[[ Stored data, beginning ]]

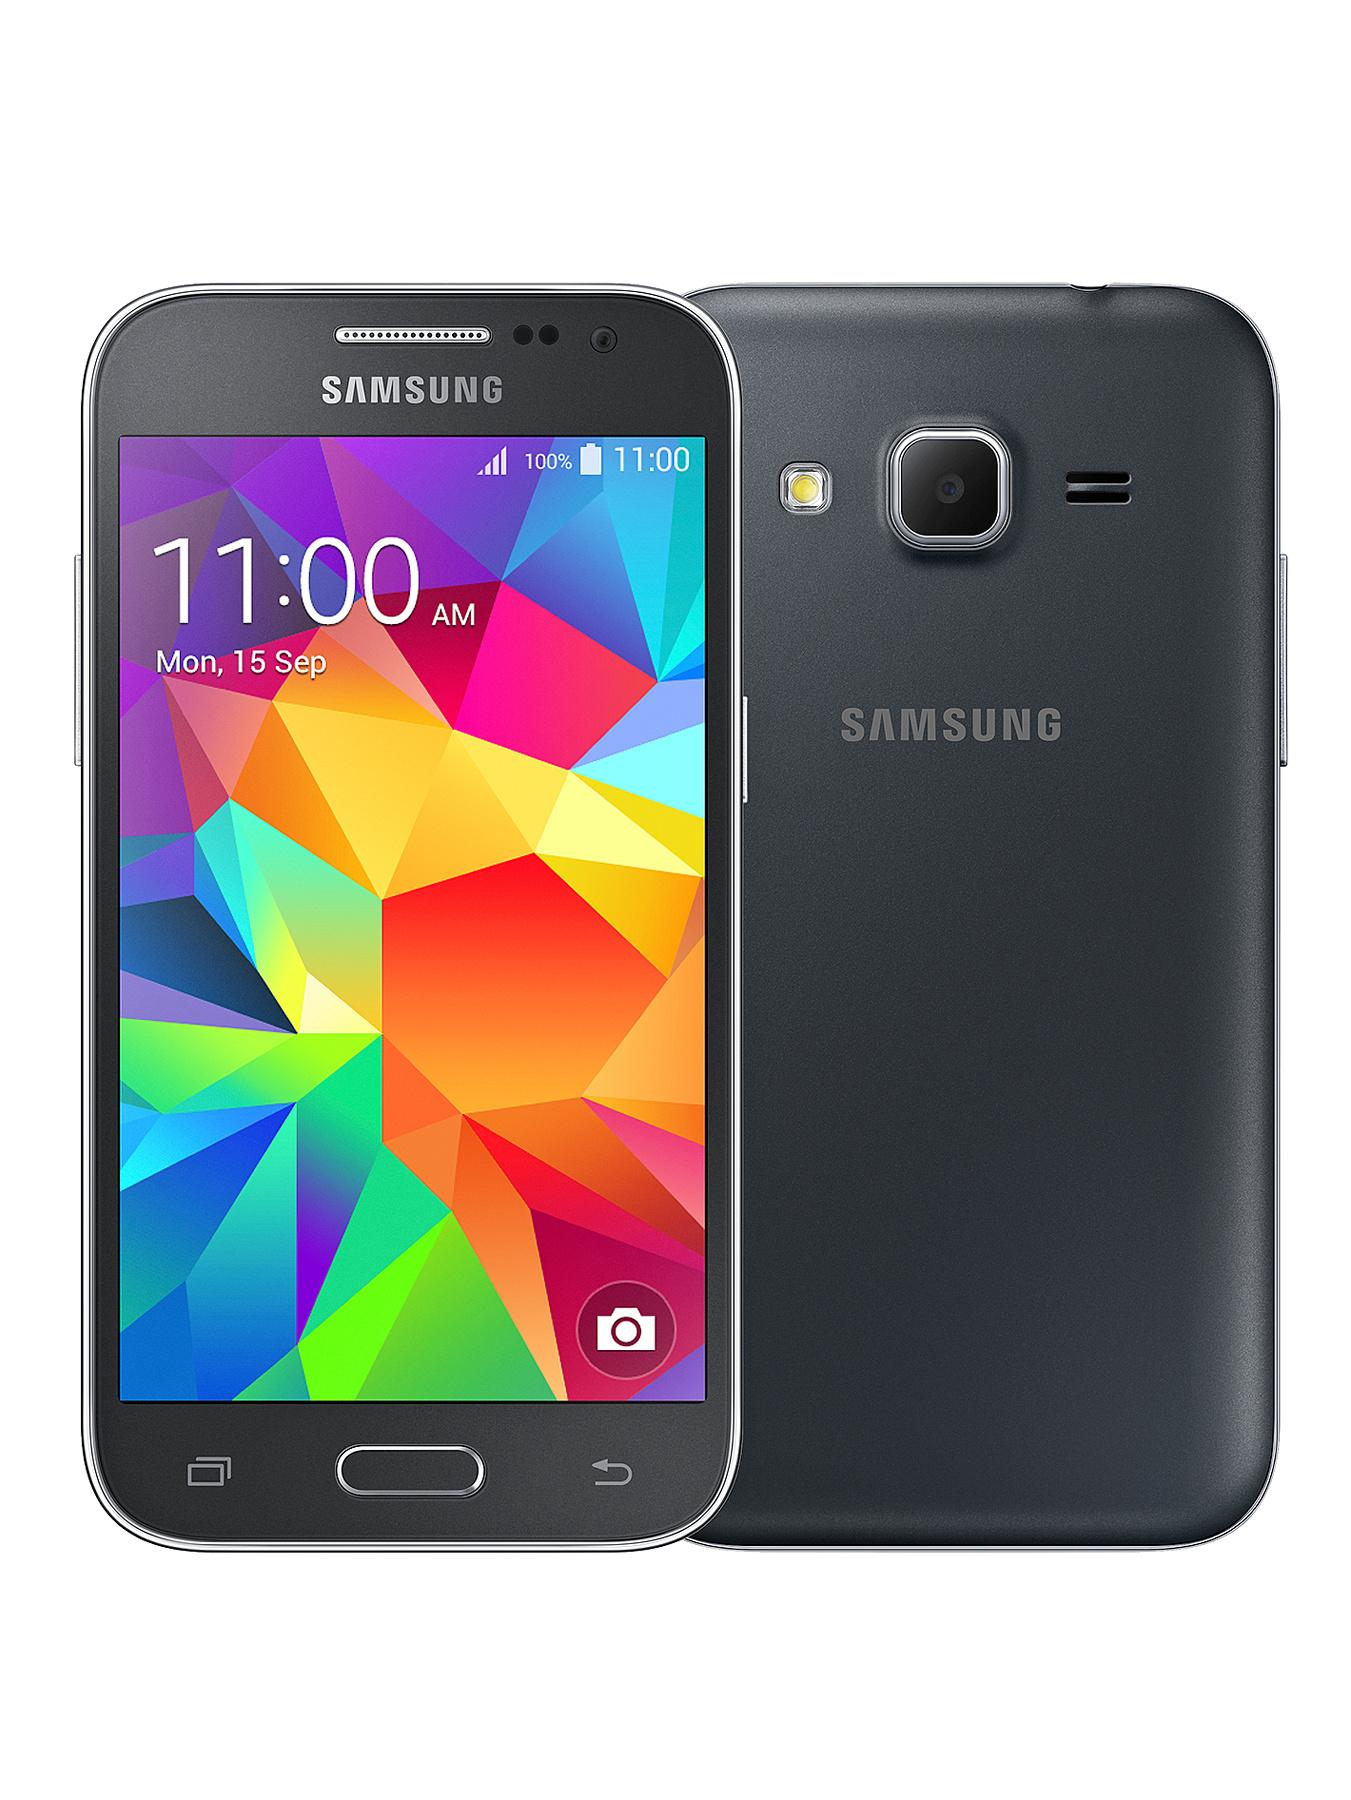 Samsung Core Prime Smartphone - Sim FREE Handset - Black
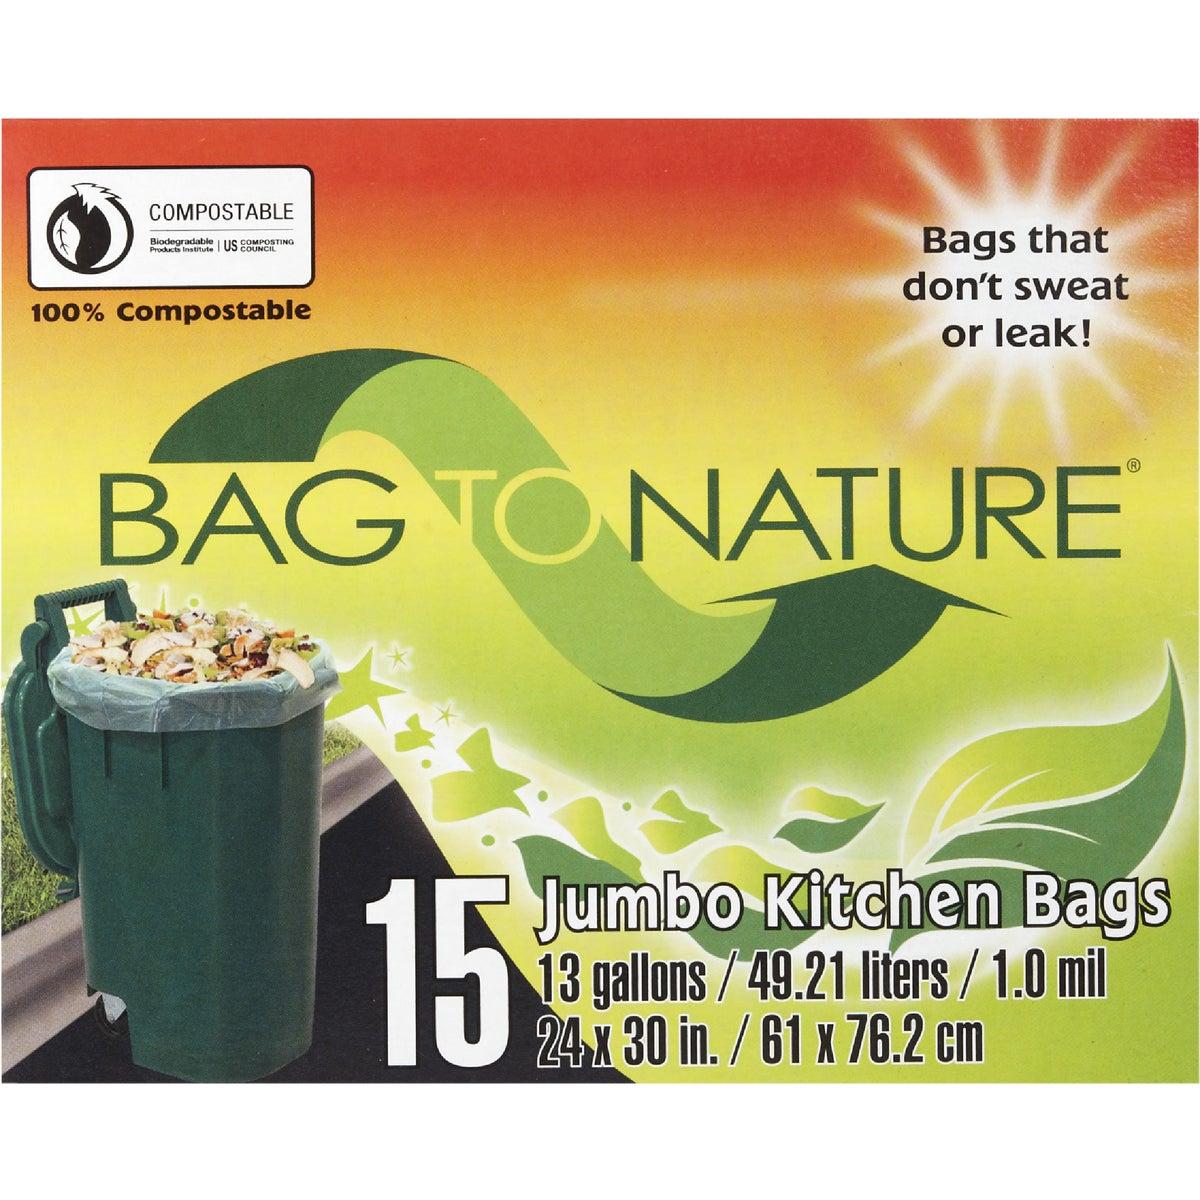 13GAL/15CT TRASH BAG - 21205 by Indaco Manufacturing
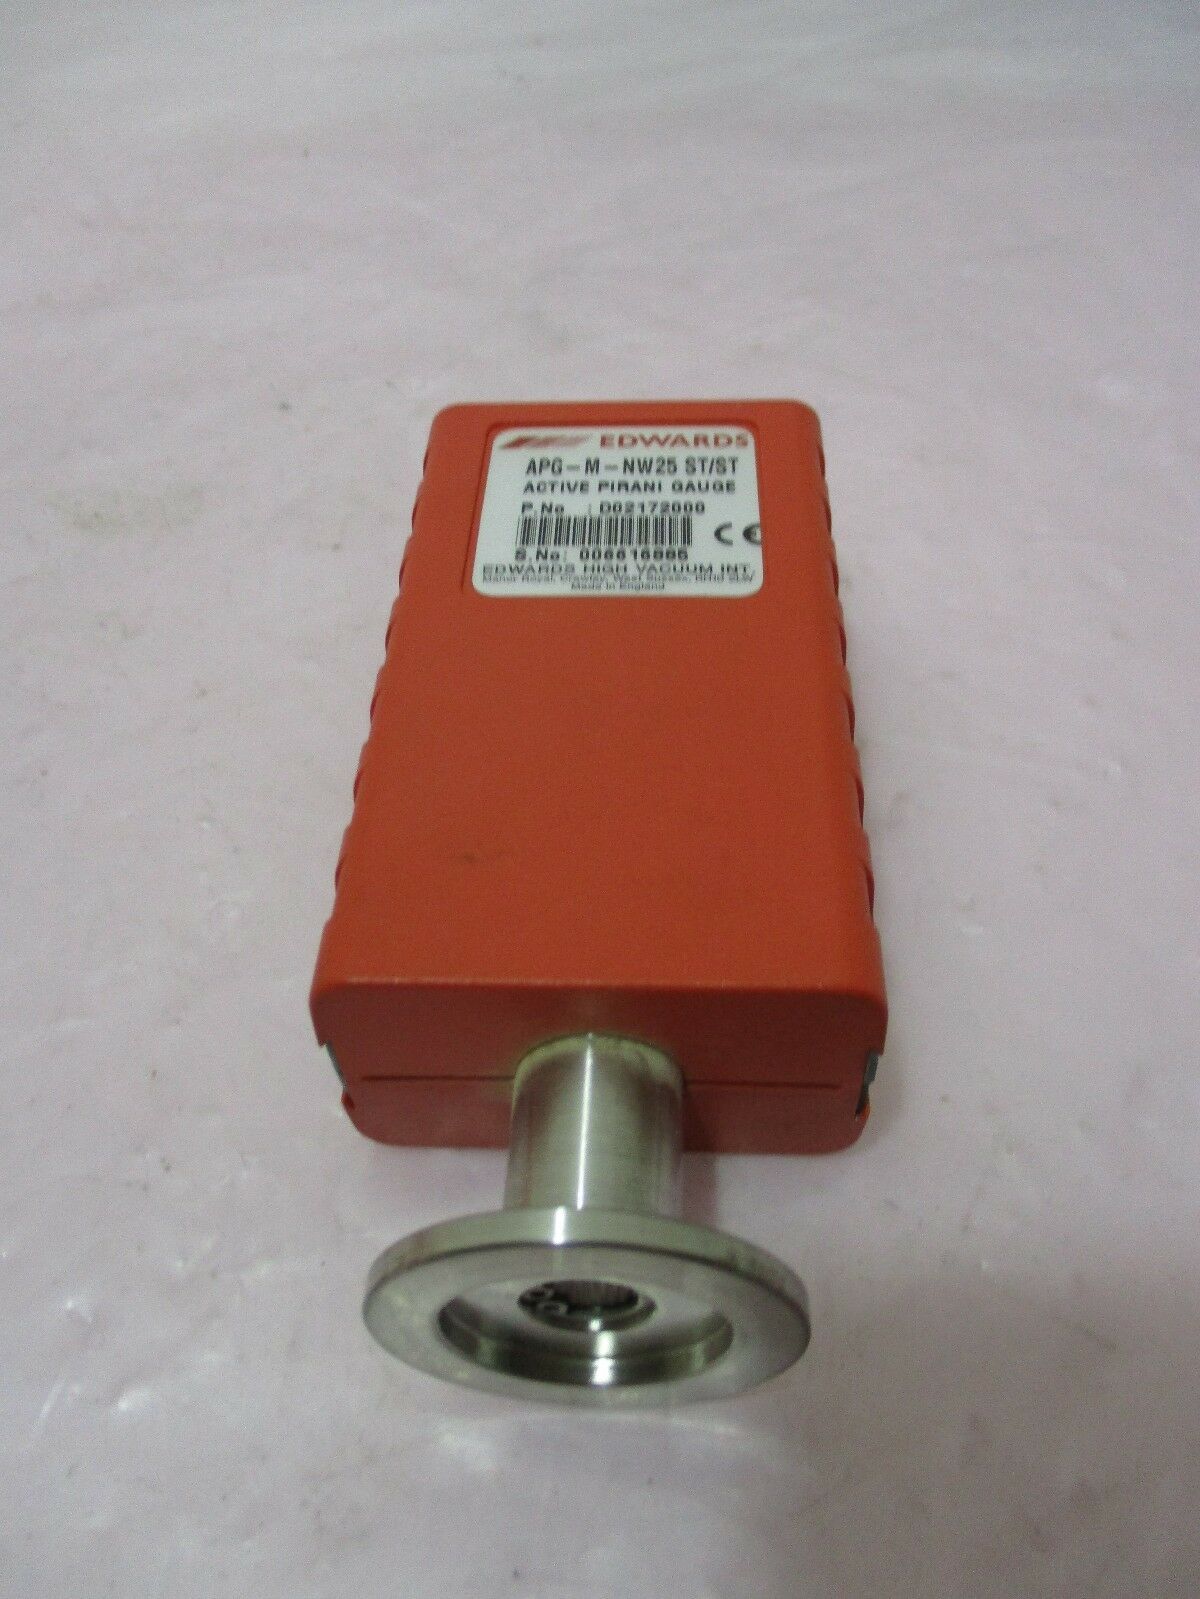 Edwards APG-M-NW25 ST/ST Active Pirani Gauge, 420575
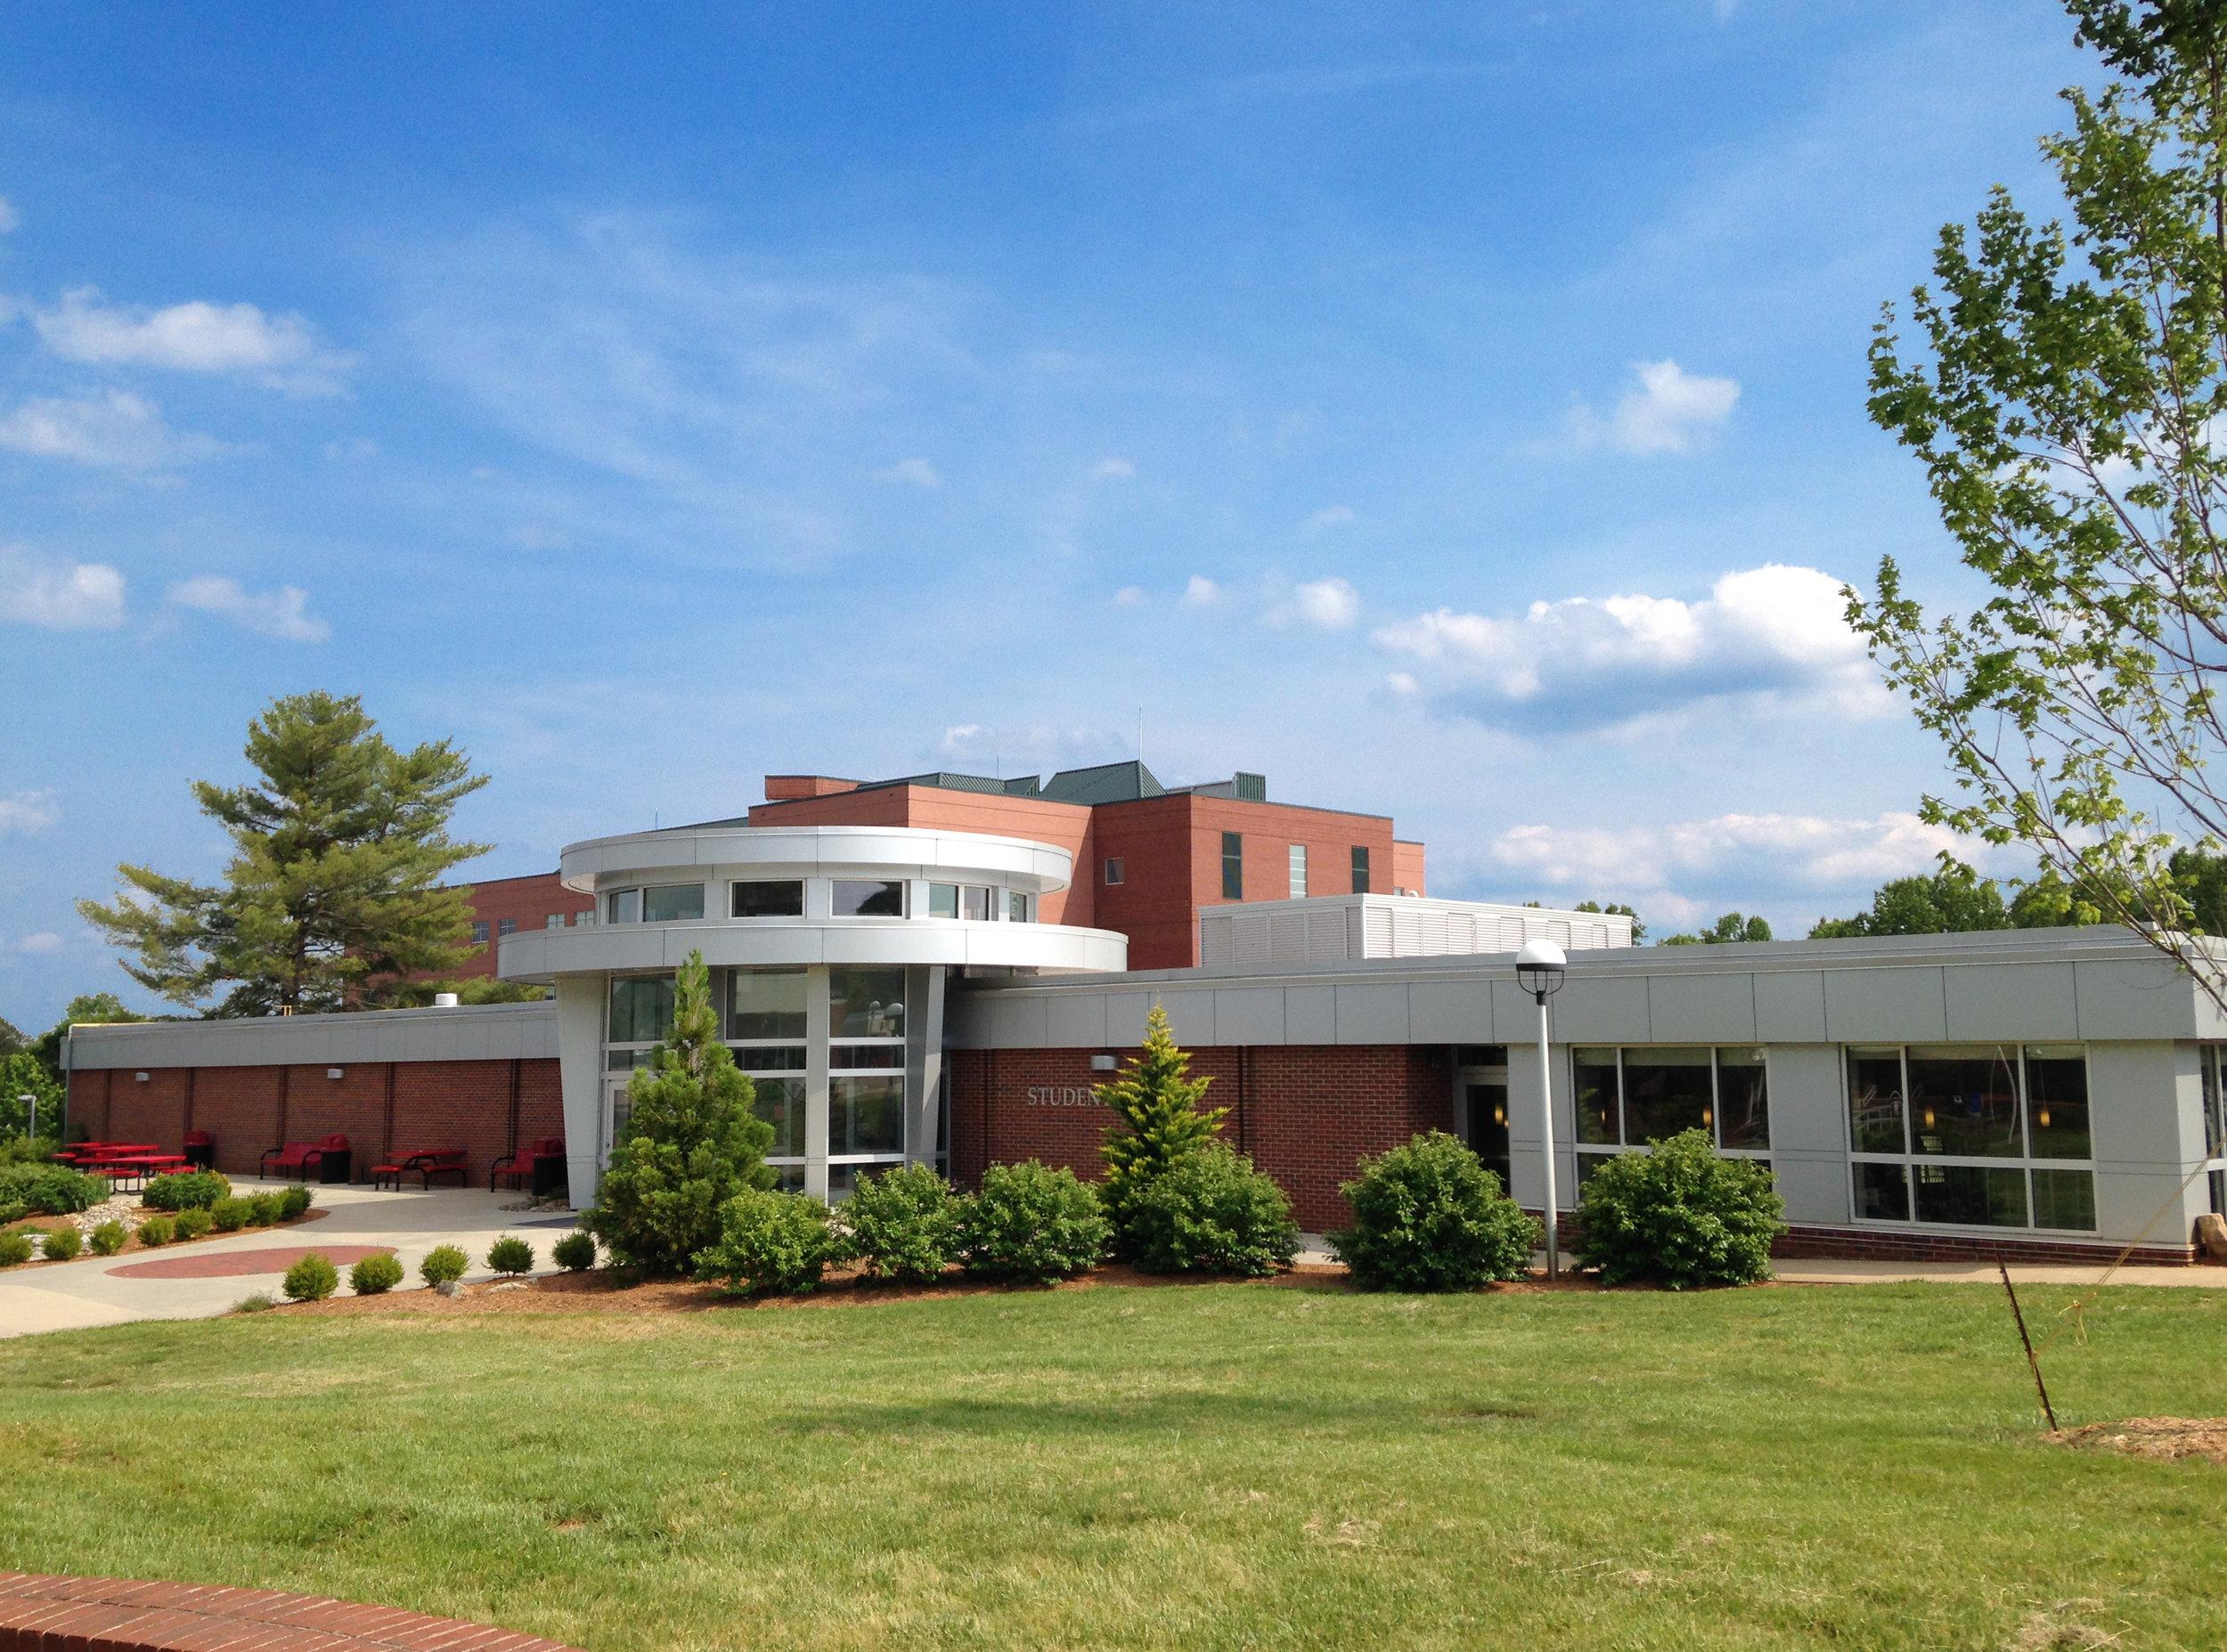 ADW-Higher-Education-CVCC-Hickory-NC-Student-Center-Exterior.jpg

[[ Stored data, end ]]

Your objective:
Write out, exactly and only, the lines from the one containing "Edwards APG-M-NW25 ST/ST" through the last line of the material above. Pictures do not go in the copy.

Exercise result:
 Edwards APG-M-NW25 ST/ST Active Pirani Gauge, 420575
 ADW-Higher-Education-CVCC-Hickory-NC-Student-Center-Exterior.jpg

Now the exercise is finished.